======== Information shown

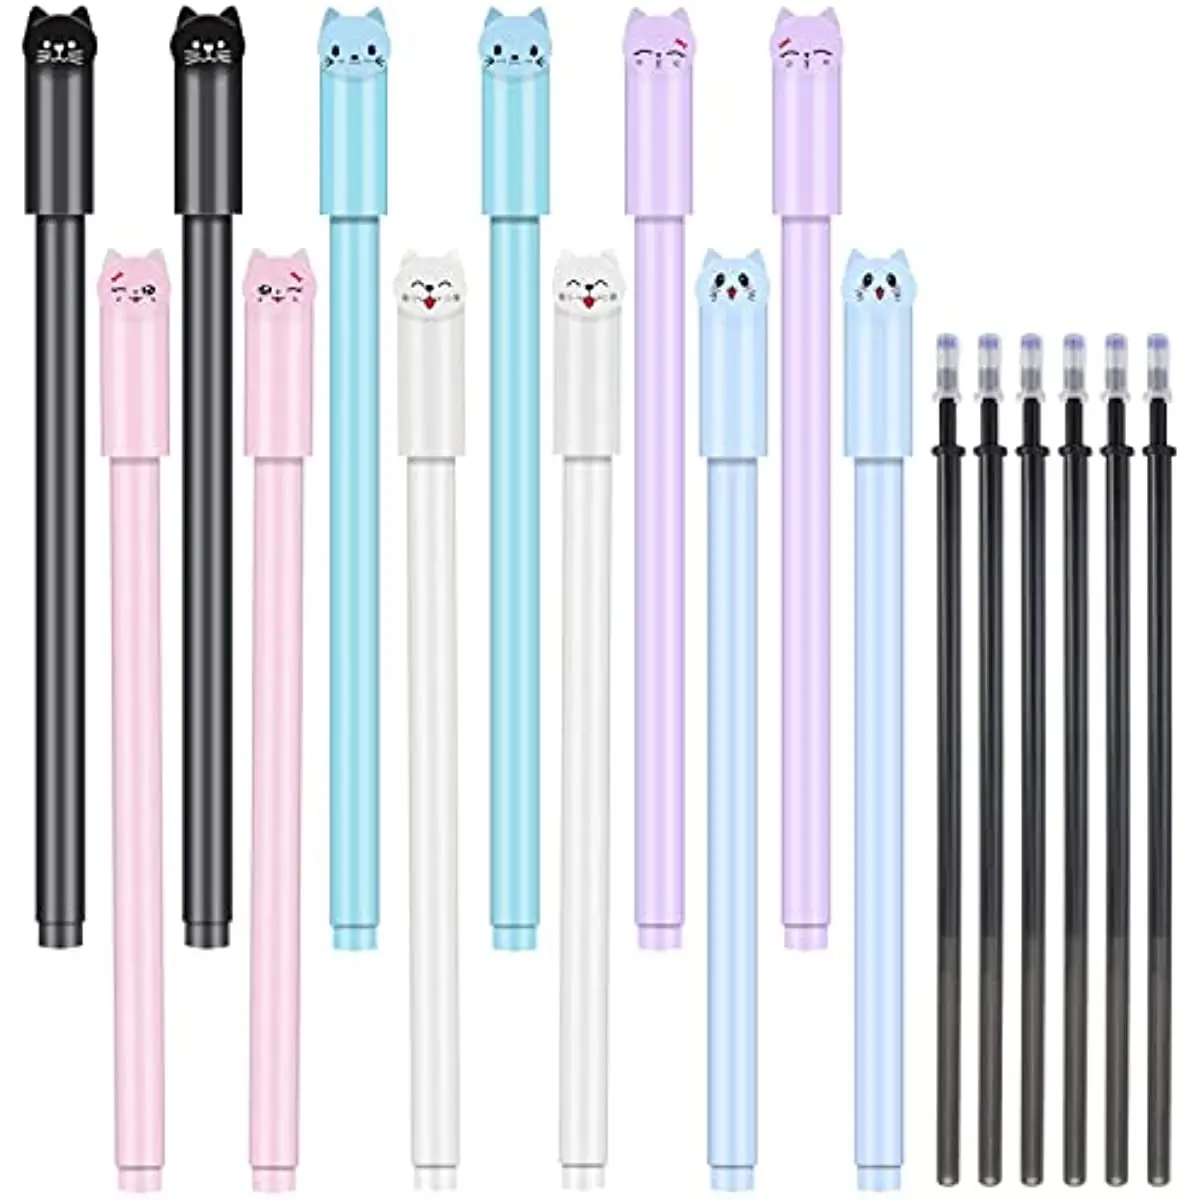 24 Pcs Cat Cute Pens Replacement Refills Girl Kawaii Cartoon Black Ball Point Pens School Office Supplies Students Gifts
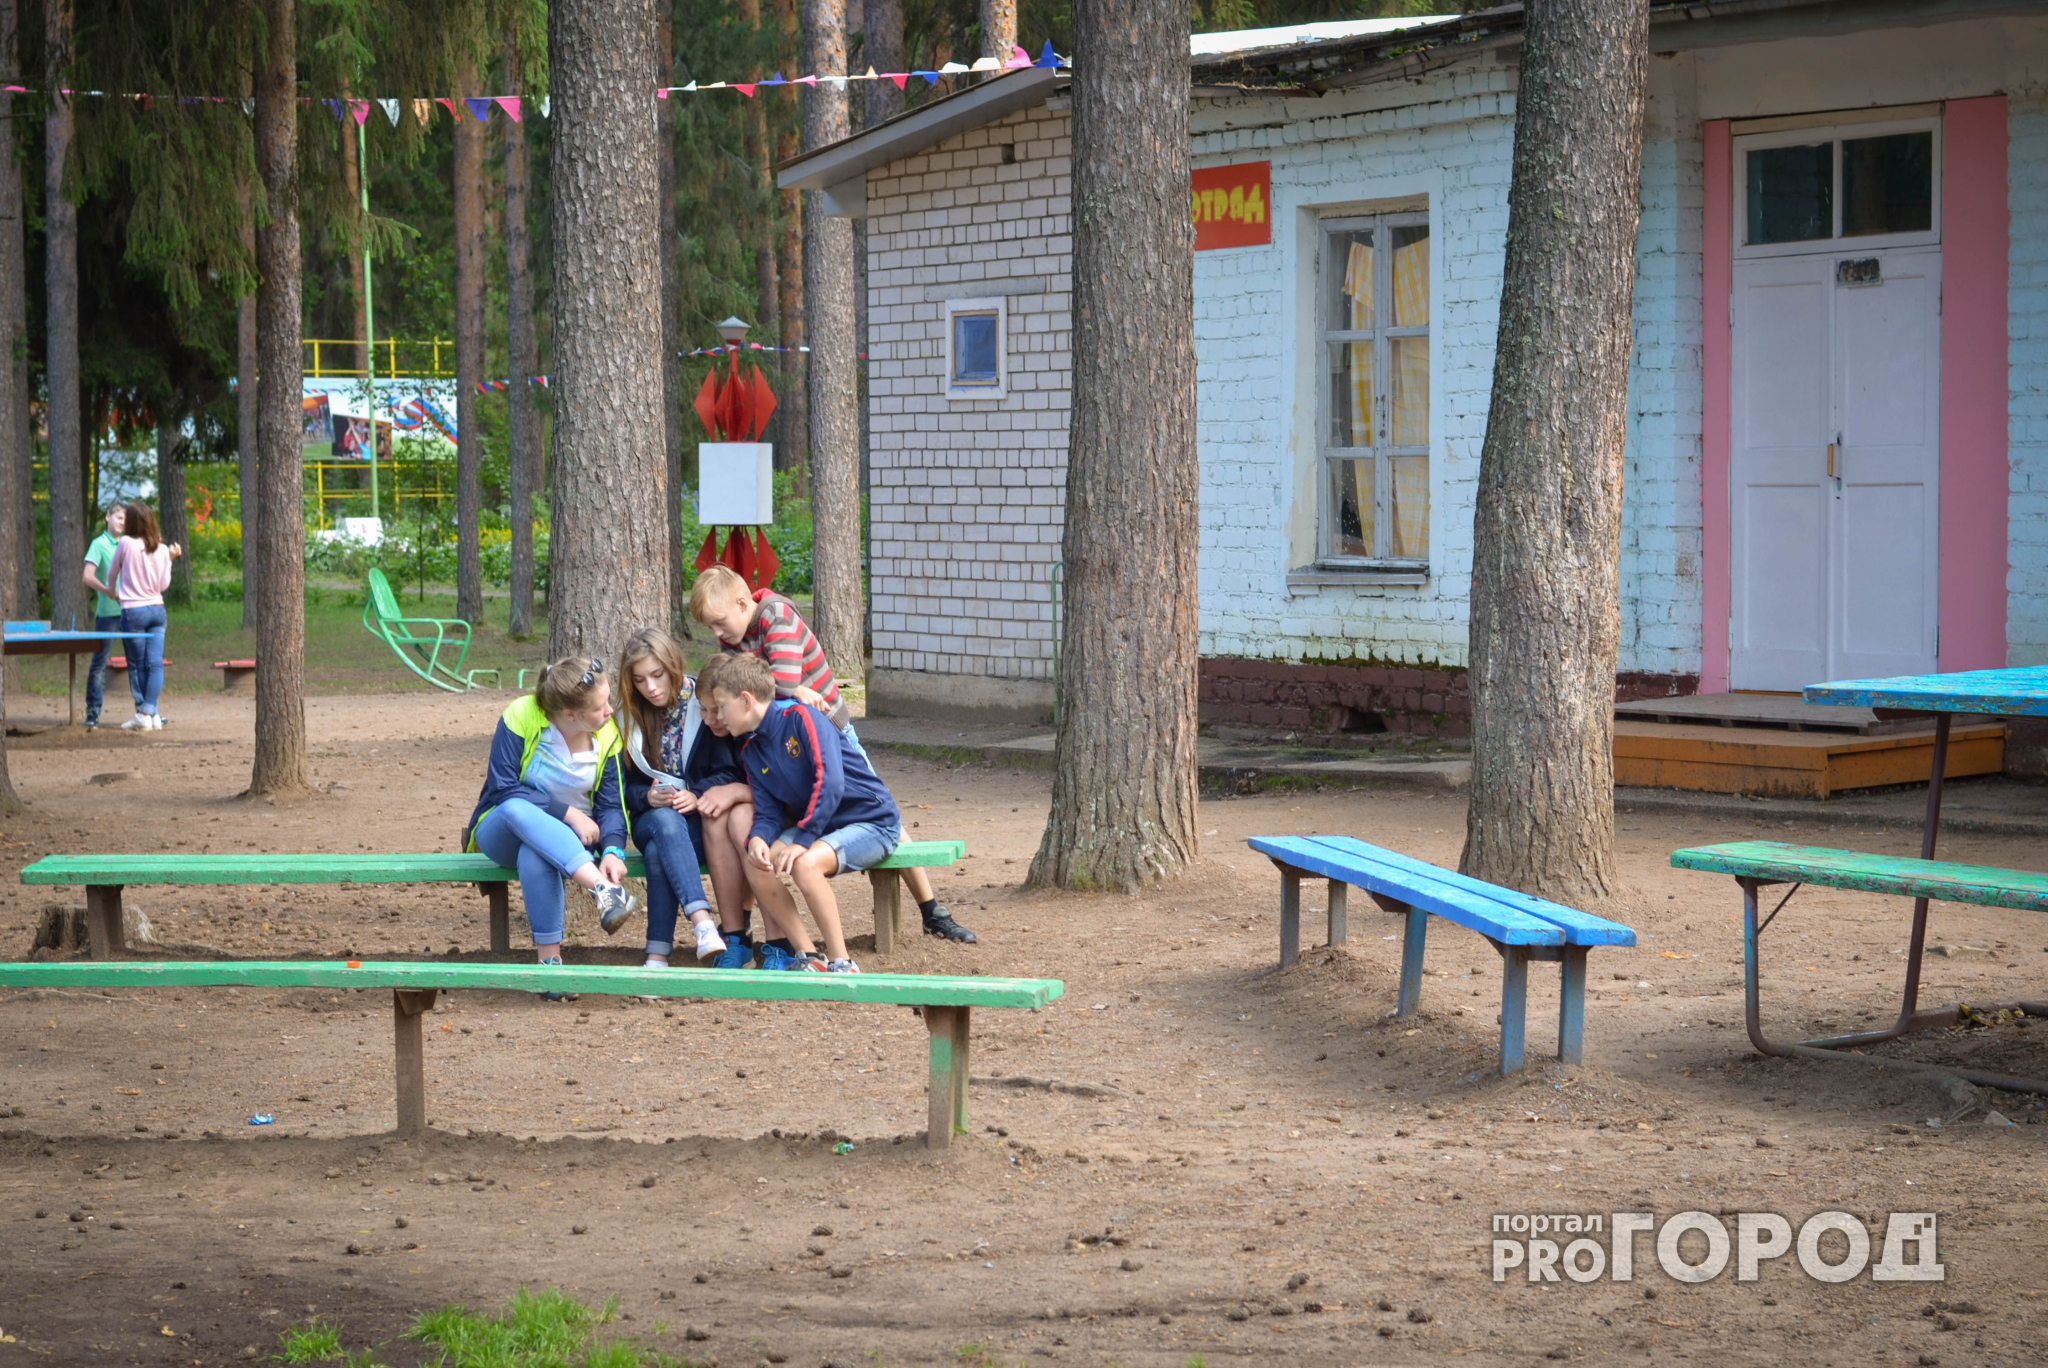 Бассейн, сауна, банкеты: топ-5 самых дорогих нижегородских лагерей для детей
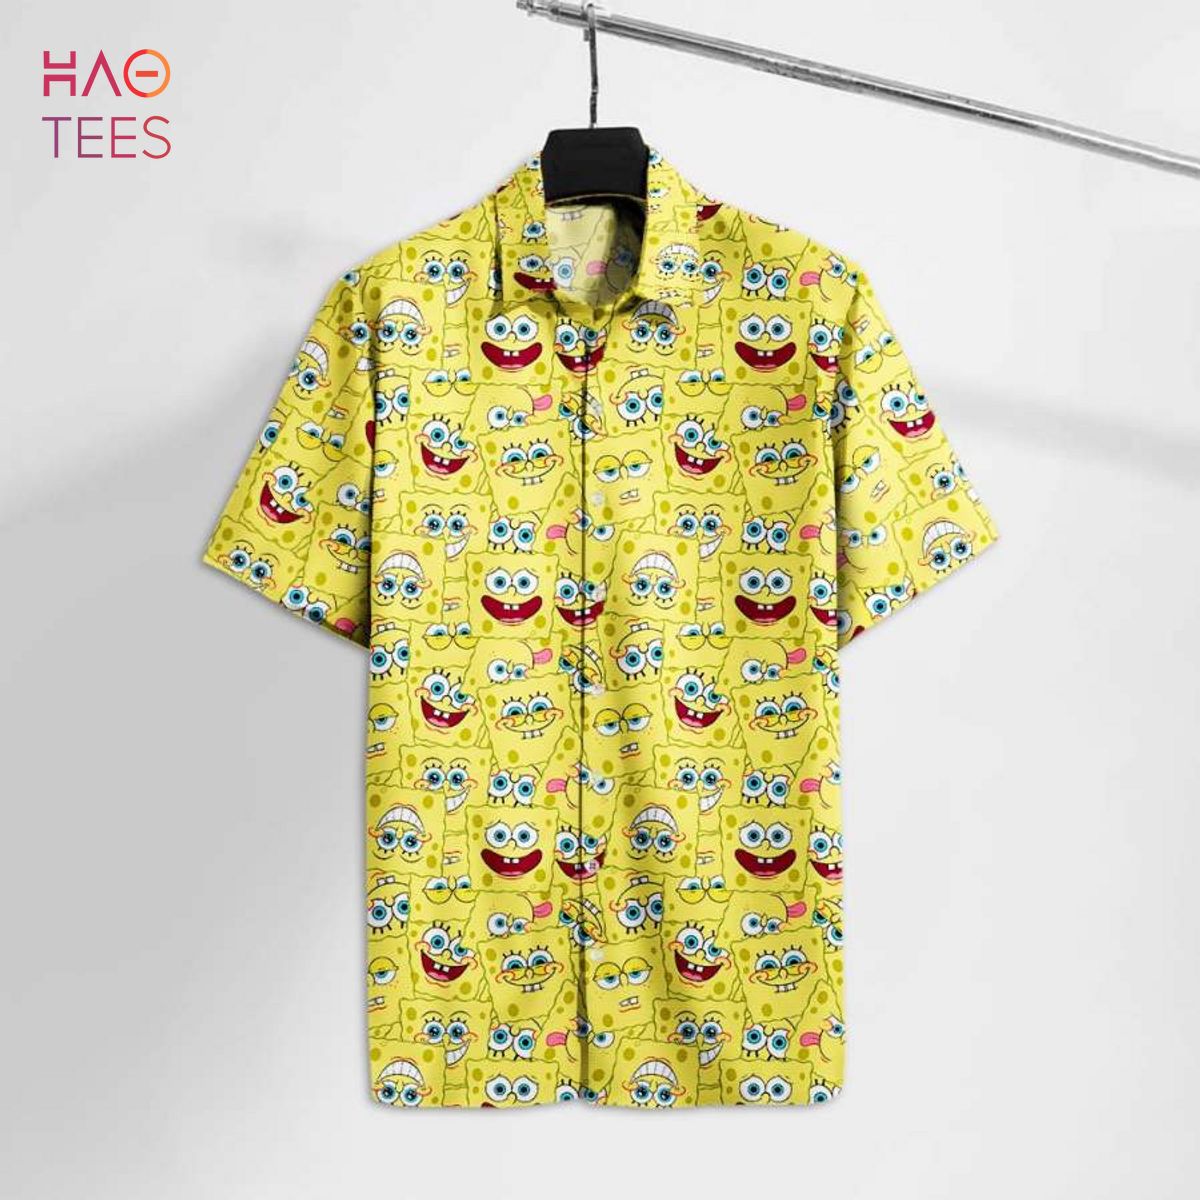 SquarePants Sponge Emoji Faces Hawaii Tshirt

================

Give again, word for word, the lines above from the one with "Бассейн, сауна, банкеты: топ-5" through the final line of the data, both ends included. Do not copy any picture.

 Бассейн, сауна, банкеты: топ-5 самых дорогих нижегородских лагерей для детей
 SquarePants Sponge Emoji Faces Hawaii Tshirt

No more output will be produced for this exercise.